- Directions for this task -
A verbatim reproduction of the following listing is required; omit the pictures.

- Recorded data -
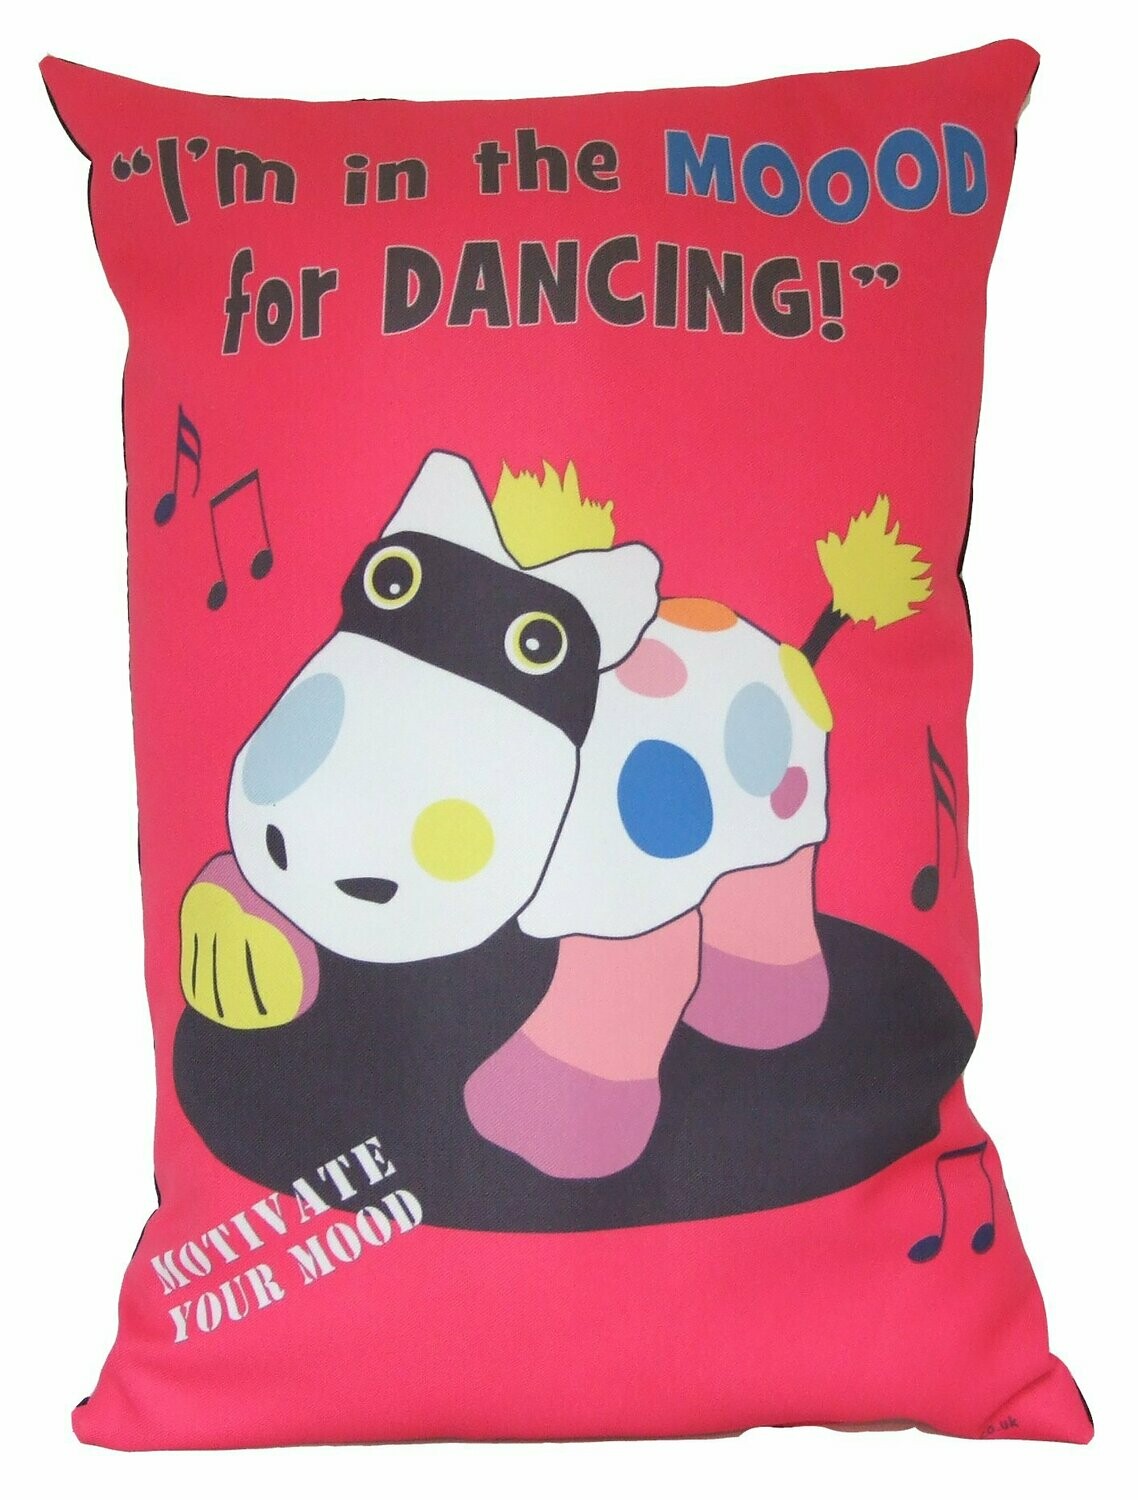 Cuddle Me Happy Cushion - In the Mood for Dancing!
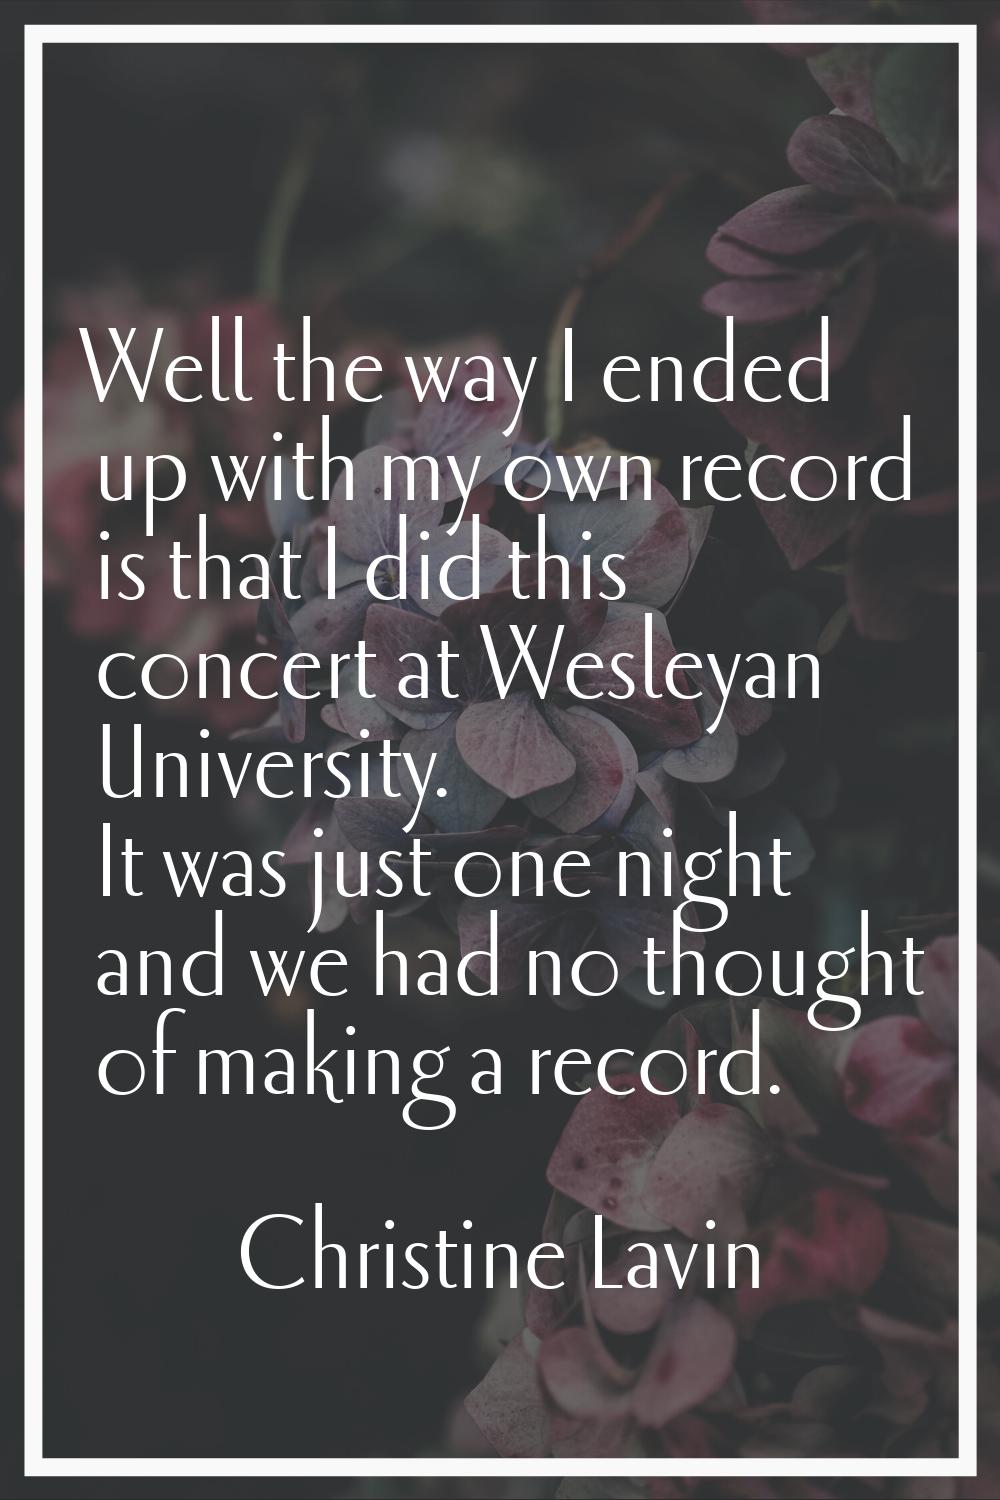 Well the way I ended up with my own record is that I did this concert at Wesleyan University. It wa
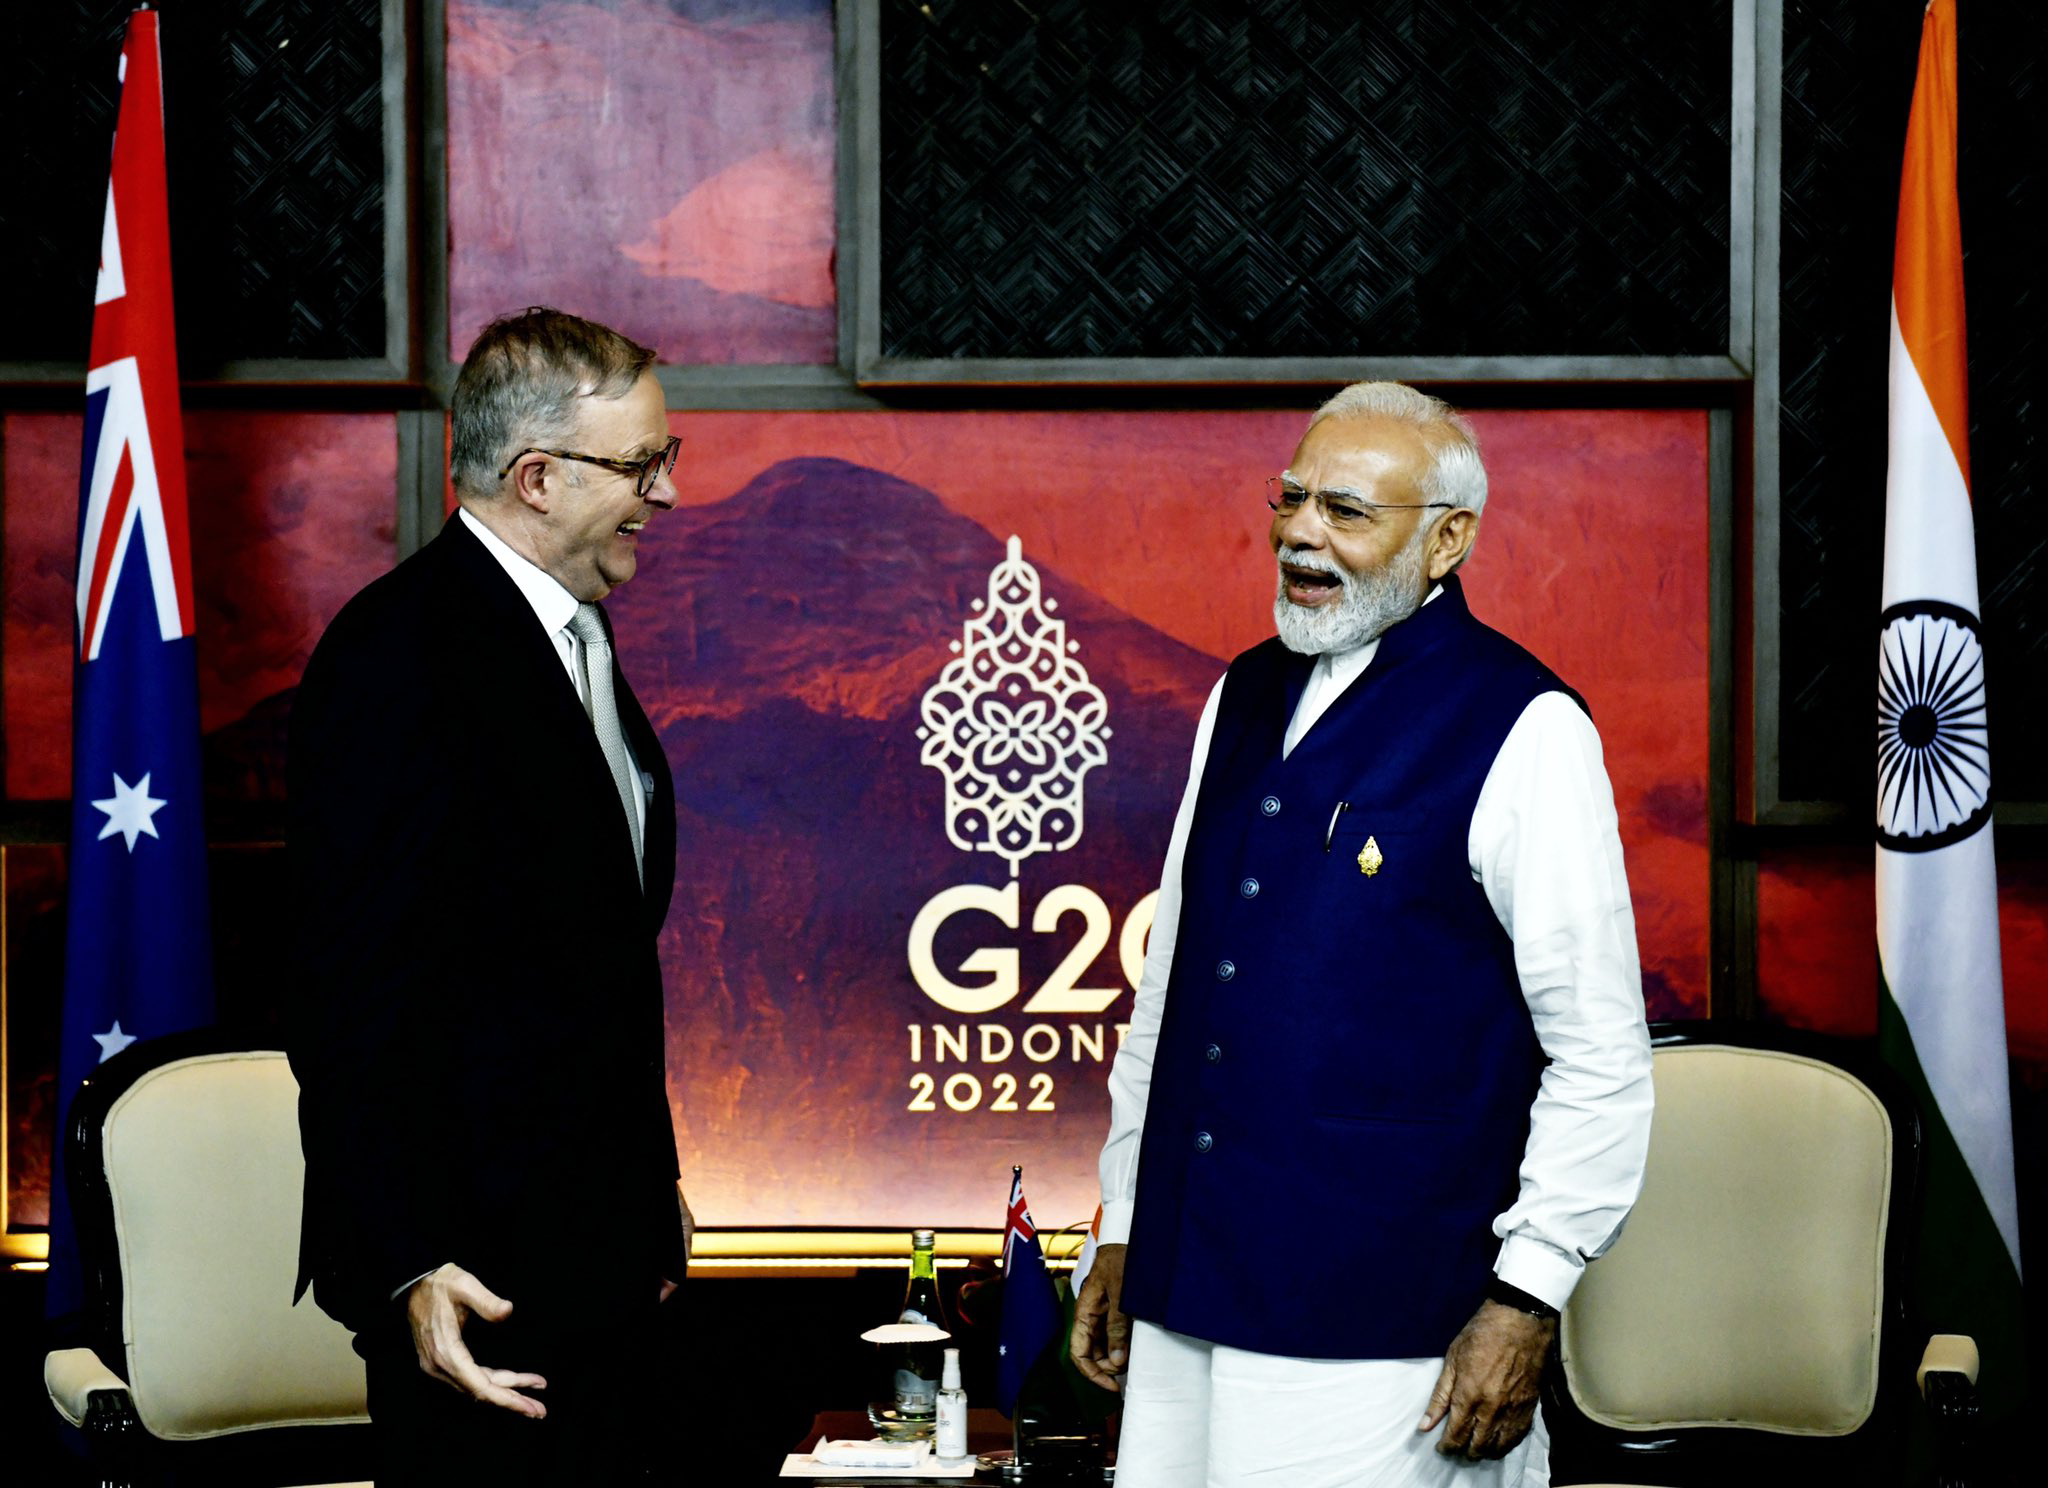 Prime Minister Modi at the 17th G20 Summit in Indonesia

- Solved exercise -
 Cuddle Me Happy Cushion - In the Mood for Dancing!
 Well the way I ended up with my own record is that I did this concert at Wesleyan University. It wa
 Prime Minister Modi at the 17th G20 Summit in Indonesia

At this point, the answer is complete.